Genomatix-Logo
Overview of Help-Pages
ElDorado-Logo

Source of elements annotated in ElDorado

Elements Source
Primary transcripts
Exons
Introns
Transcripts and their exon/intron structure are determined by the mapping of cDNA sequences from different sources (e.g. RefSeq, GenBank, Ensembl). Transcripts annotated in ElDorado are divided into 3 quality levels:
  1. The lowest quality bronze is assigned to transcripts derived from the mapping of cDNAs for which no experimental evidence about the 5' completeness is available
  2. The quality silver is assigned to a transcript if its promoter region overlaps with a PromoterInspector prediction.
  3. The quality gold is assigned to transcripts derived from the mapping of cDNAs for which experimental evidence about the 5' completeness is available ( e.g. by oligo-capping). The quality of transcripts initially assigned to bronze/silver is increased to gold if the transcript correlates with at least 3 CAGE tags up to 3bp upstream/downstream of the transcript start.
UTRs calculated by determining the longest open reading frame (ORF) for the transcript
PromoterInspector-Predictions calculated by PromoterInspector
Promoter regions Promoters available in ElDorado are evaluated in a 3 step process:
  1. For each of the transcripts (independent of quality) the promoter is set to 500/100bp up/downstream of the TSS.
  2. The promoters of two or more transcripts are merged into larger promoter regions if they satisfy all of the following conditions:
    • belong to the same locus
    • the promoters and the first exons of the two transcripts are overlapping, respectively
  3. The annotation available from orthologous loci is evaluated. Promoter regions are extended if the first exons of corresponding transcripts differ in length. Based on the comparison of the exon/intron structure of two transcripts and on the sequence similarity of the corresponding sequence regions additional promoter regions are annotated (CompGen promoters). The genome annotation so far contains no transcripts for these promoter regions.
TSR
(transcriptional start regions)
TSRs are defined as regions of genomic sequence for which experimental evidence for transcription initiation is available. Information about transcription initiation is derived from individual full-length cDNAs and from CAGE tags. Both data sources make use of the oligo-capping method. The 5' ends of full-length transcripts and CAGE tags are taken as experimentally verified transcription start sites (TSS). TSSs separated by less than 40bp are grouped in a TSR.
Conserved Regions Conserved regions are calculated by a proprietary algorithm for genome wide sequence alignments. Conserved regions have a minimum length of 50 basepairs and a minimum similarity of 80%. The algorithms accounts for point mutations only, but not insertions/deletions. The elements annotated in ElDorado are based on comparisons of genomes from distant species only, i.e. closely related species like rat/mouse are not considered.

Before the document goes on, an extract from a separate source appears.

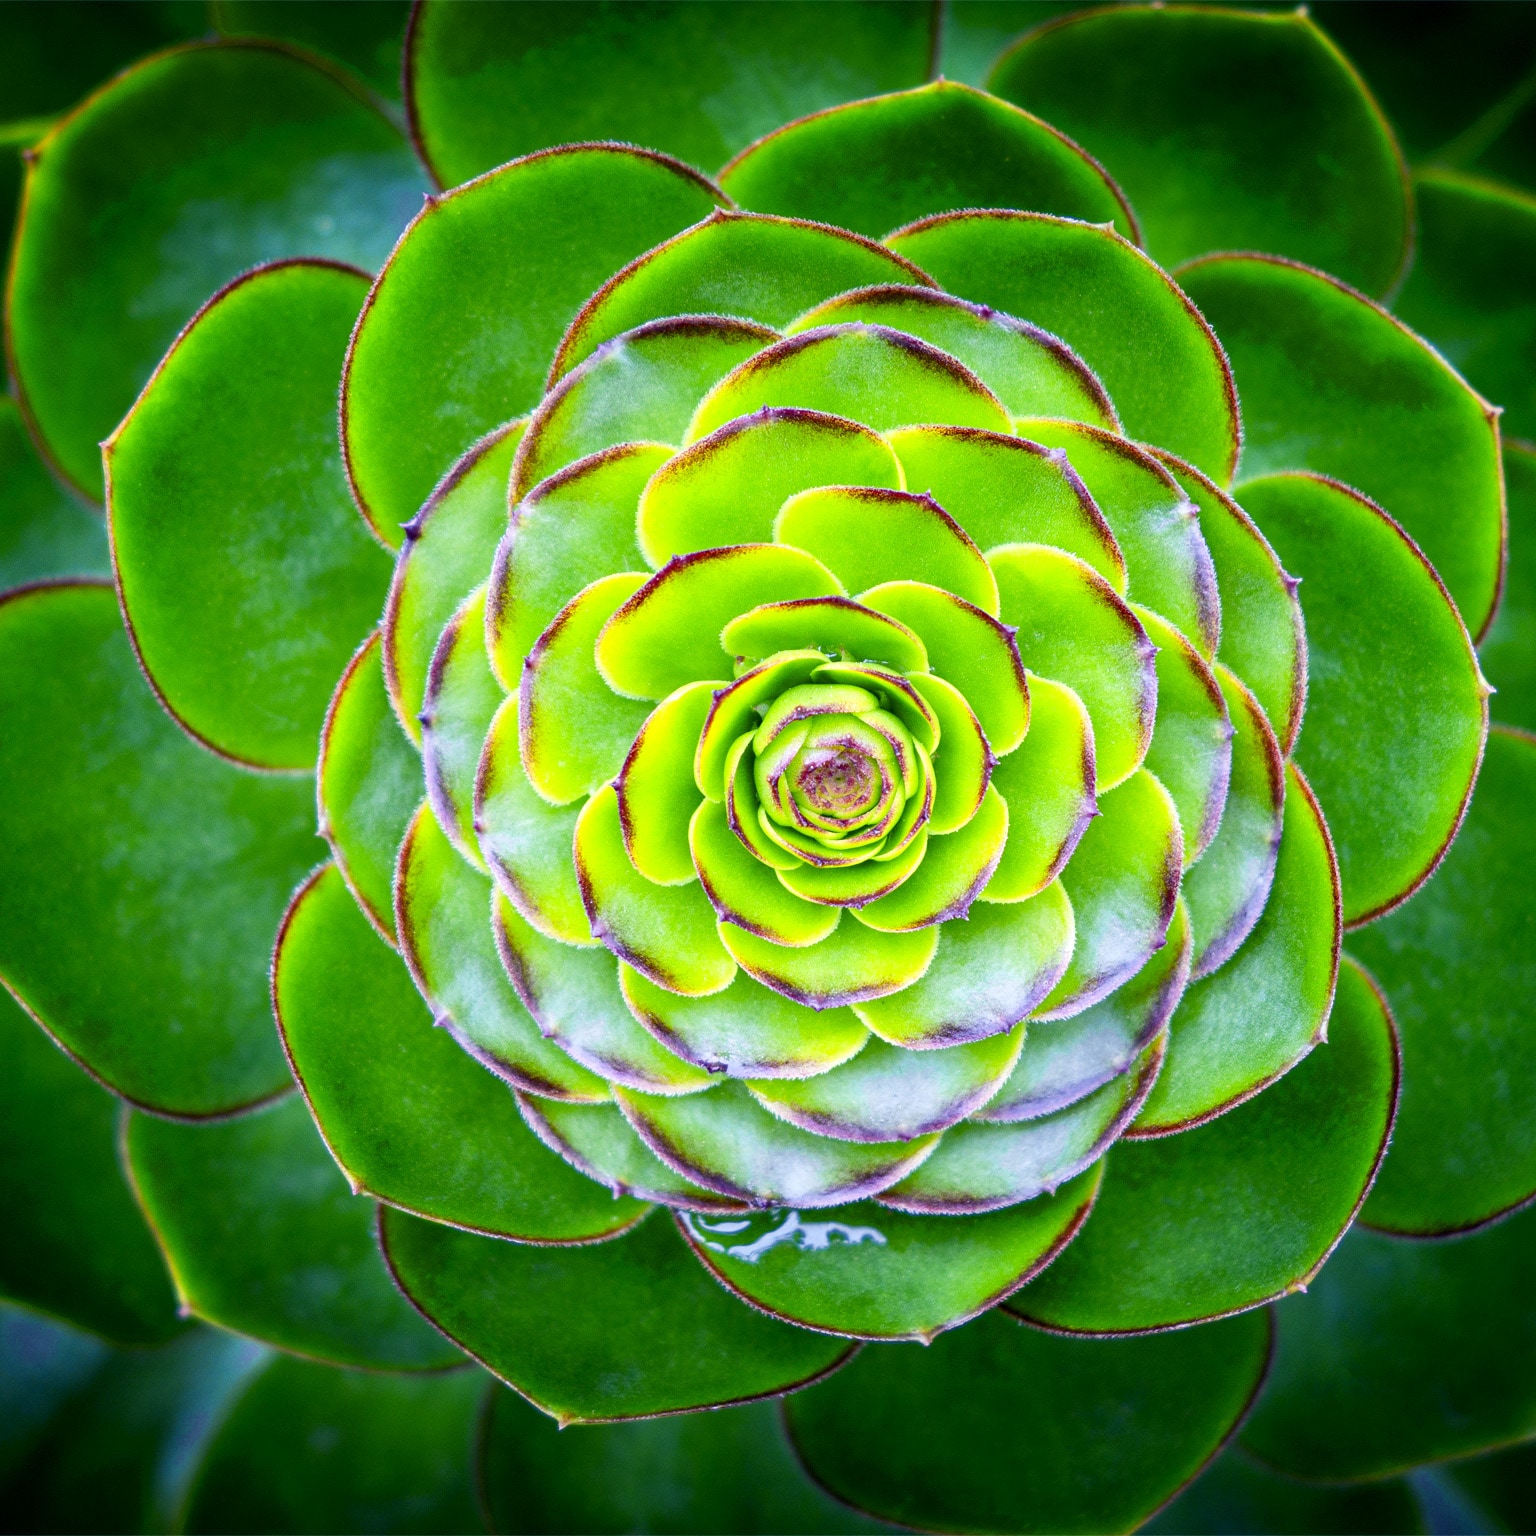 Image of a vibrant green succulent plant.

Note: Conserved regions are available up to ElDorado 12-2008.

MicroRNAs microRNAs are based on the sequences available in the miRBase at the Sanger Institute.
Probes Each single probe from gene expression arrays from Affymetrix and Illumina is mapped against the corresponding genome. All perfect matches are annotated.
SNPs derived from dbSNP (NCBI)
SMARs calculated by SMARTest
Repeats The following genomic repeats are calculated by ModelInspector: ALUs, L1 elements, THEs, and B1 elements.
Modules calculated for promoter regions by ModelInspector (Promoter Module Library)

Descriptive information about genetic loci was derived from NCBI's Entrez Gene.
Bibliosphere data is based on the analysis of abstracts from NCBI's PubMed.